DATA EXTRACT.

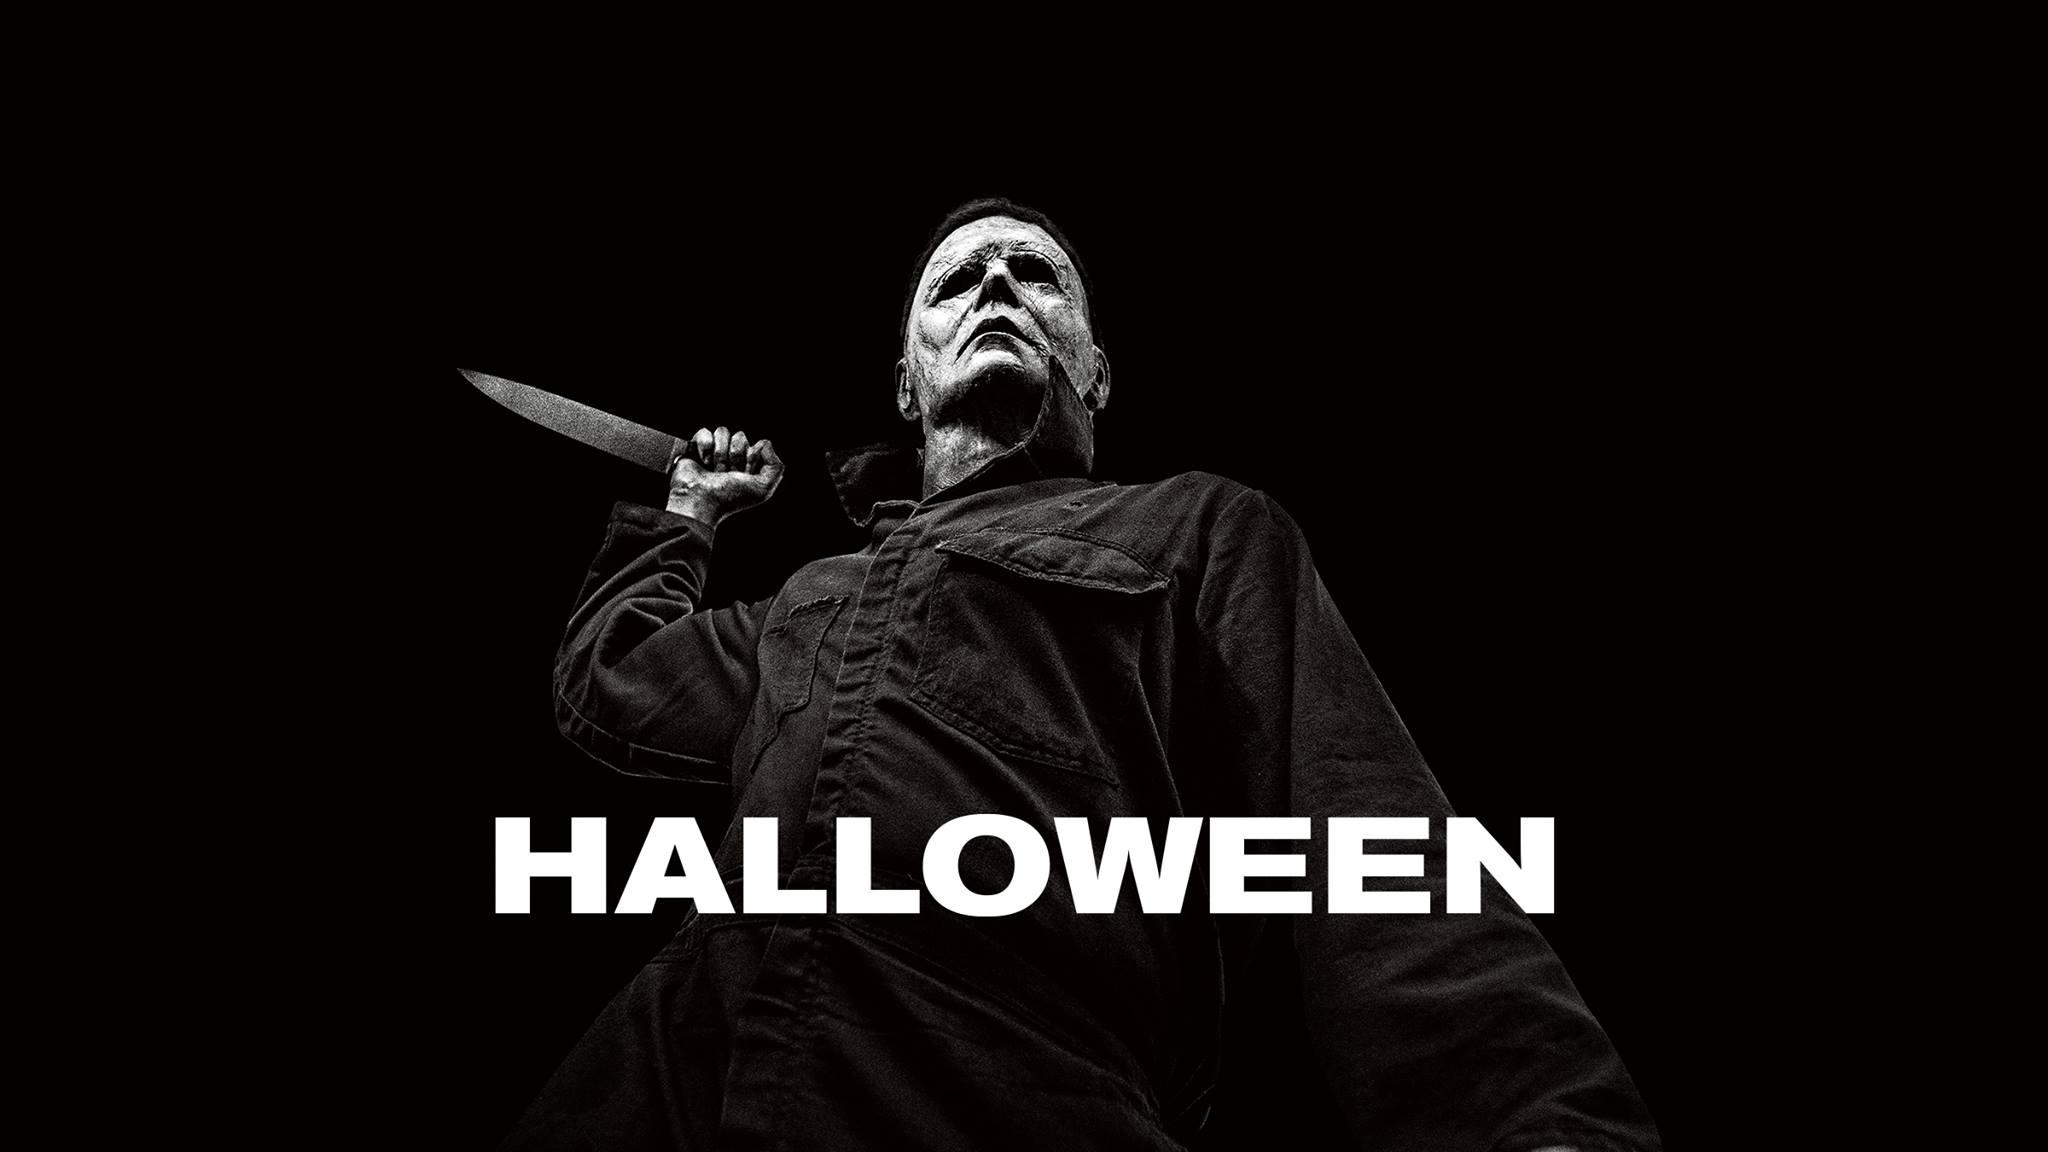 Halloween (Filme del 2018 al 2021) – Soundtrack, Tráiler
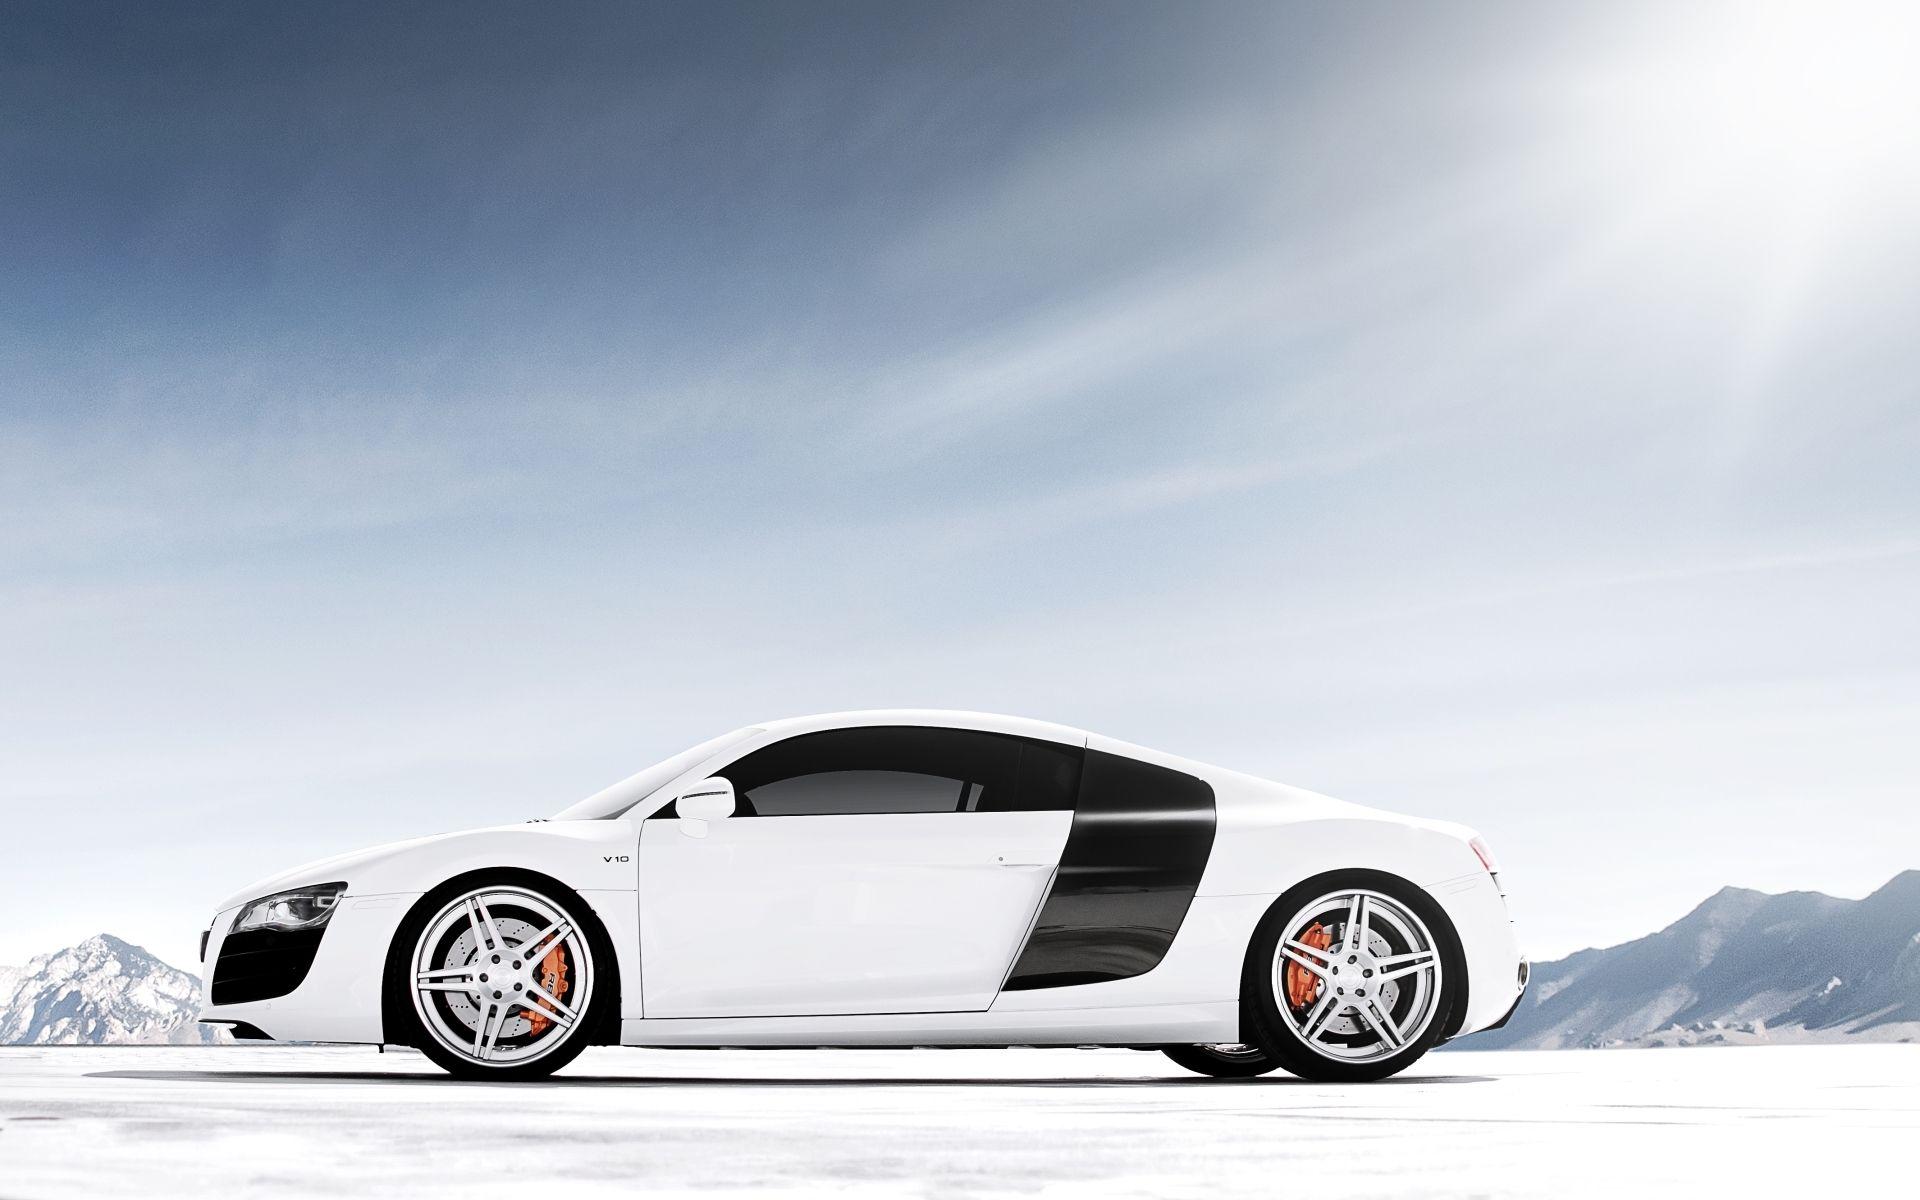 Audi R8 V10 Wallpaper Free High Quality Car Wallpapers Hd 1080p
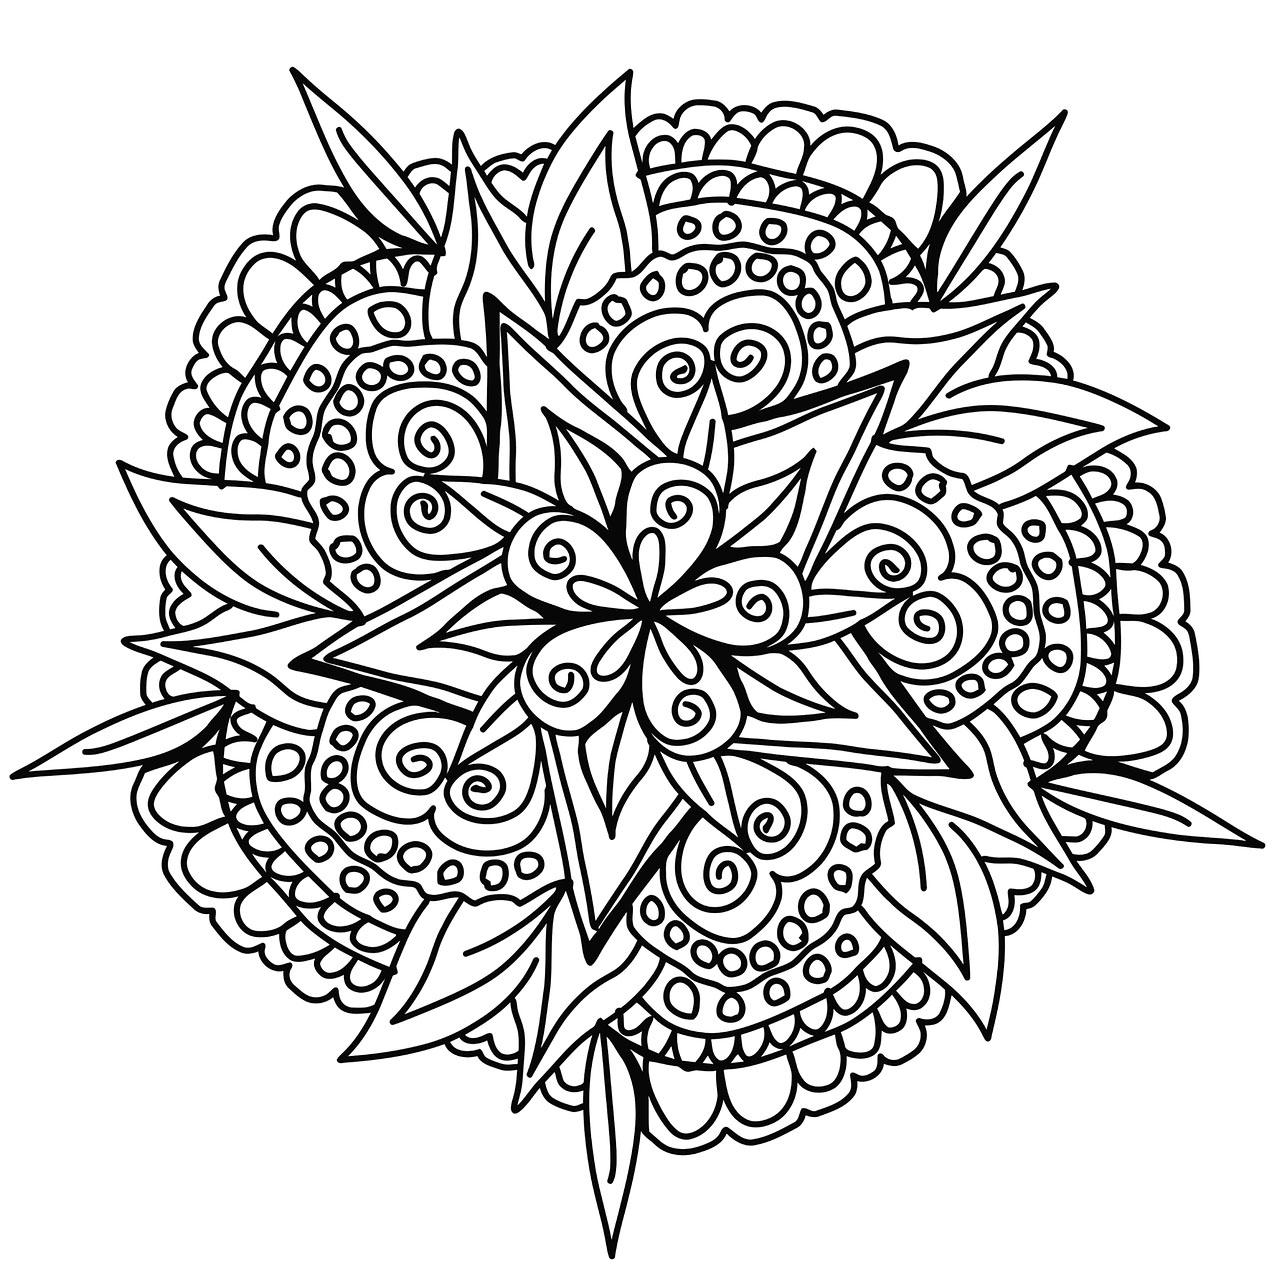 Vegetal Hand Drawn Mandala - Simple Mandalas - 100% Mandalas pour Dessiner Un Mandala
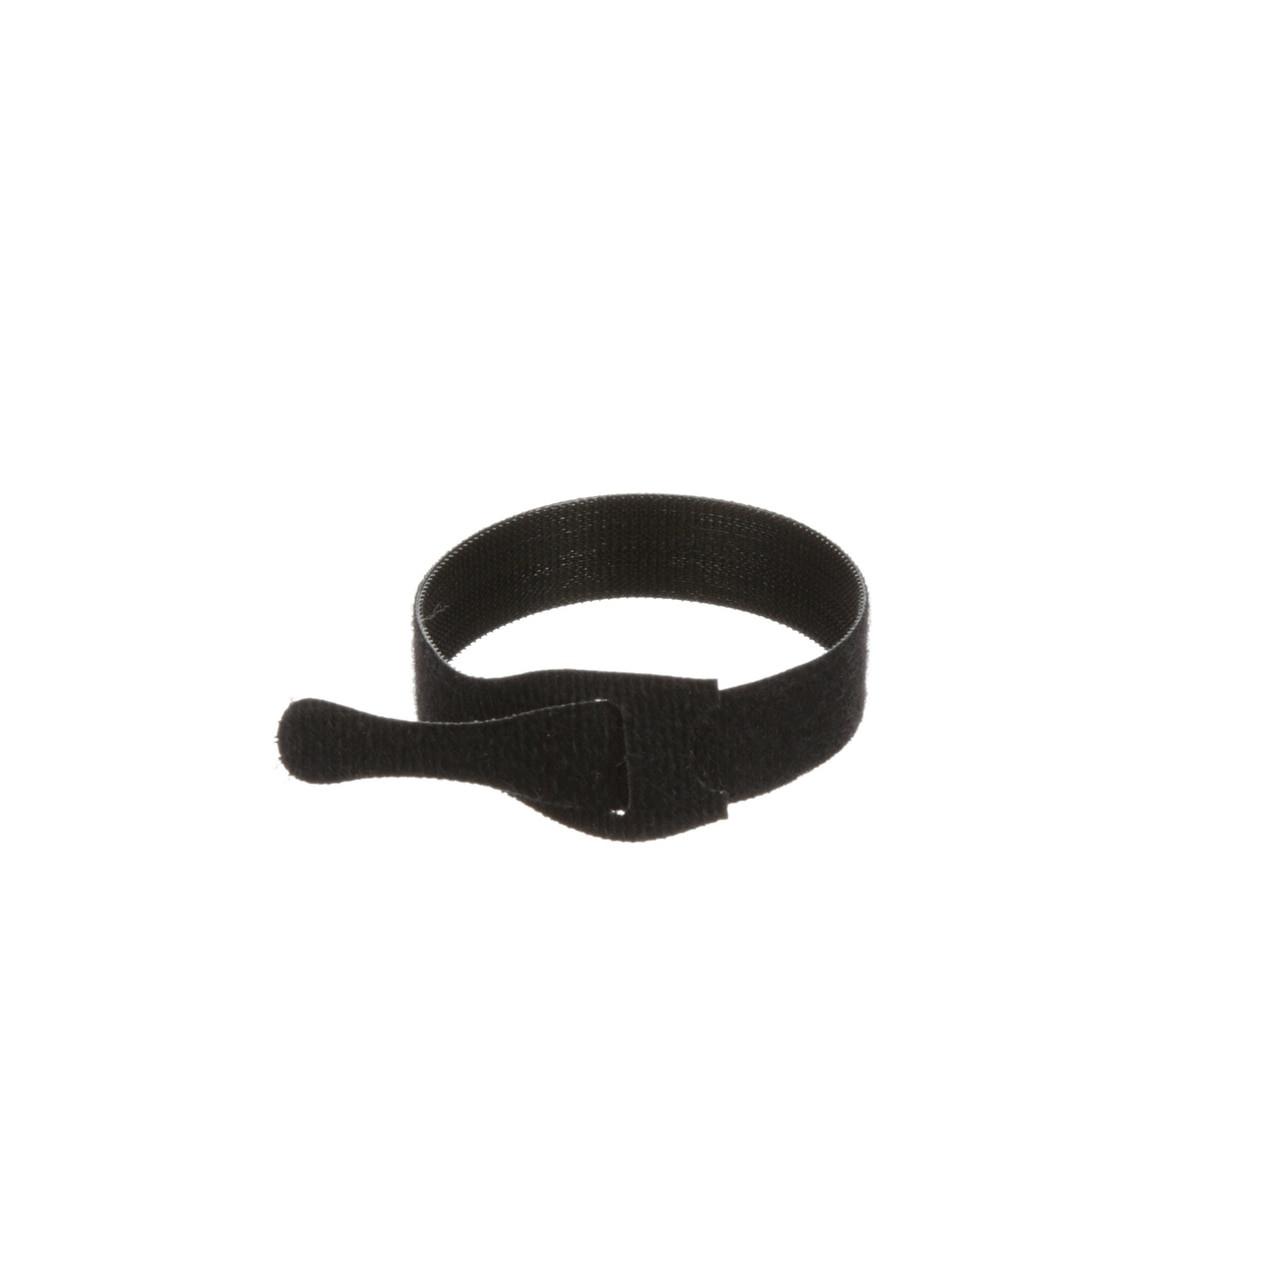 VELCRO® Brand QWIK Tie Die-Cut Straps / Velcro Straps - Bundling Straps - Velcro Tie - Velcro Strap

AIM OF THE TASK.
Without including any pictures, set down word for word every line from the one containing "Vegetal Hand Drawn" through the last line of the material.

REPLY TO THE TASK.
 Vegetal Hand Drawn Mandala - Simple Mandalas - 100% Mandalas pour Dessiner Un Mandala
 VELCRO® Brand QWIK Tie Die-Cut Straps / Velcro Straps - Bundling Straps - Velcro Tie - Velcro Strap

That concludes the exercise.